We define a measure ψ i for the relative information to choose a low dimensional basis by neglecting modes corresponding to the small eigenvalues:

$$ \psi_{i}=\frac{\lambda_{i}}{\sum_{l=1}^{s}\lambda_{l}} 100\%,i=\{1,2,\cdots,s\} $$
(24)

We collect p r (r < s) modes such that ψ 1 > ψ 2 > ... > ψ r and they totally explain at least the required variance ψ e,

$$ \psi^{e}=\sum\limits_{l=1}^{r}\psi_{l} $$
(25)

The total number of eigenmodes r in the POD basis P depends on the required accuracy of the reduced model.

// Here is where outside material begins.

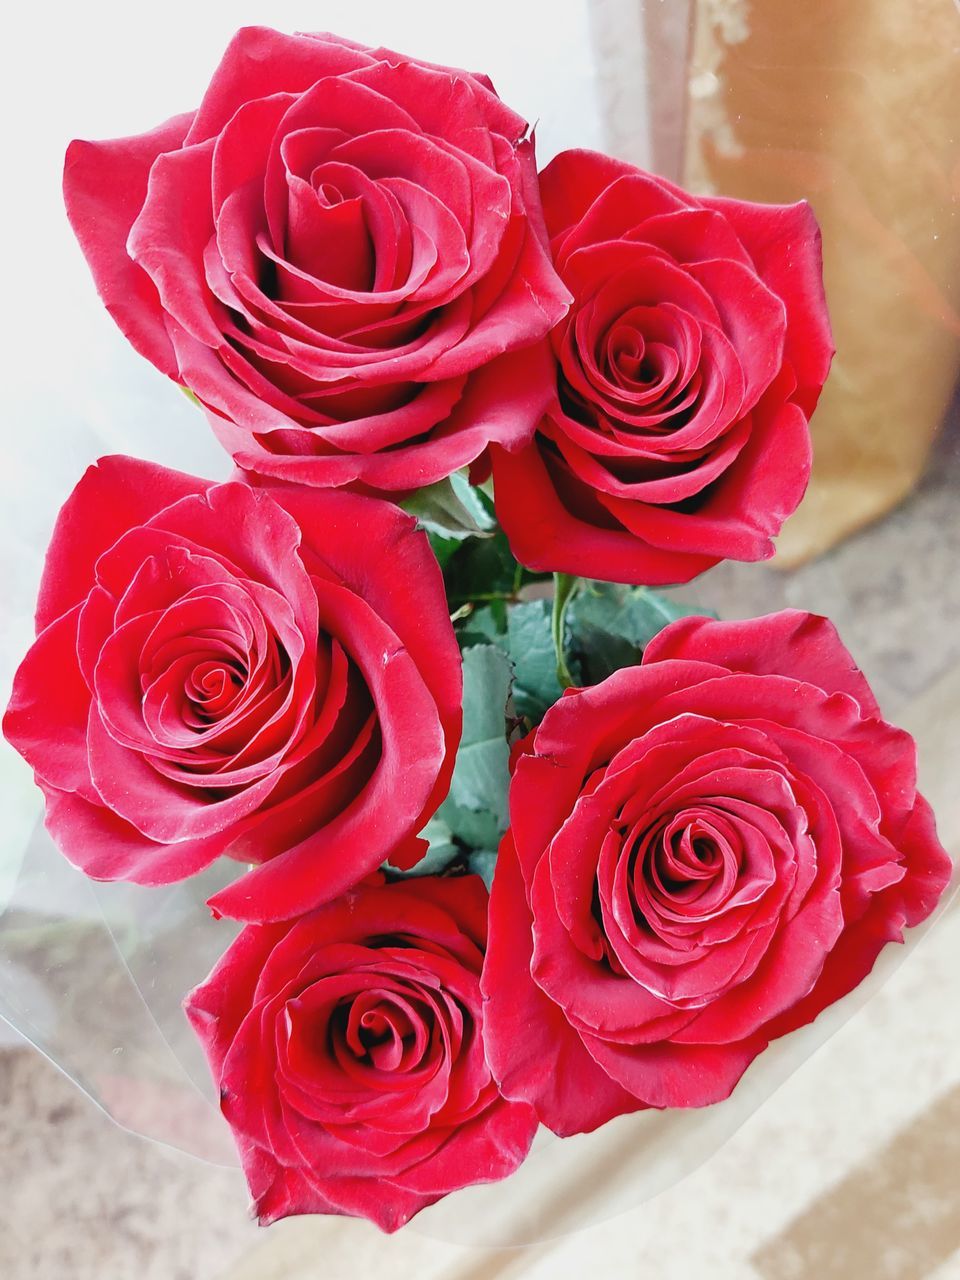 rose, flower, pink, flowering plant, red, plant, beauty in nature, nature, freshness, garden roses, bouquet, flower arrangement, petal, flower head, fragility, close-up, cut flowers, love, inflorescence, no people, valentine's day, emotion, positive emotion, celebration, arrangement, bunch of flowers, high angle view, outdoors

2.3.2 Approximate objective function and its adjoint

In POD-based approach, we look for an optimal solution of Eq. 1 to minimize the approximate objective function (\(\hat J\)) in an incremental way:

$$ \begin{array}{rll} \hat J(\Delta\gamma)&=&\sum\limits_{i}[\{Y(t_{i})-H(X^{b}(t_{i}))\}-\hat H \xi(t_{i},\Delta\gamma)]^{T} \\ & \times& R_{i}^{-1}[\{ Y(t_{i})-H(X^{b}(t_{i}))\}-\hat H\xi(t_{i},\Delta\gamma)] \end{array}$$
(26)

The value of the approximate objective function \(\hat J\) is obtained by correcting the observations Y(t i ) for background state X b(t i ) which is mapped on the observational space through a mapping H and to the reduced model state ξ(t i , Δγ) which is mapped to the observational space through mapping \(\hat H\), with \(\hat H = HP\).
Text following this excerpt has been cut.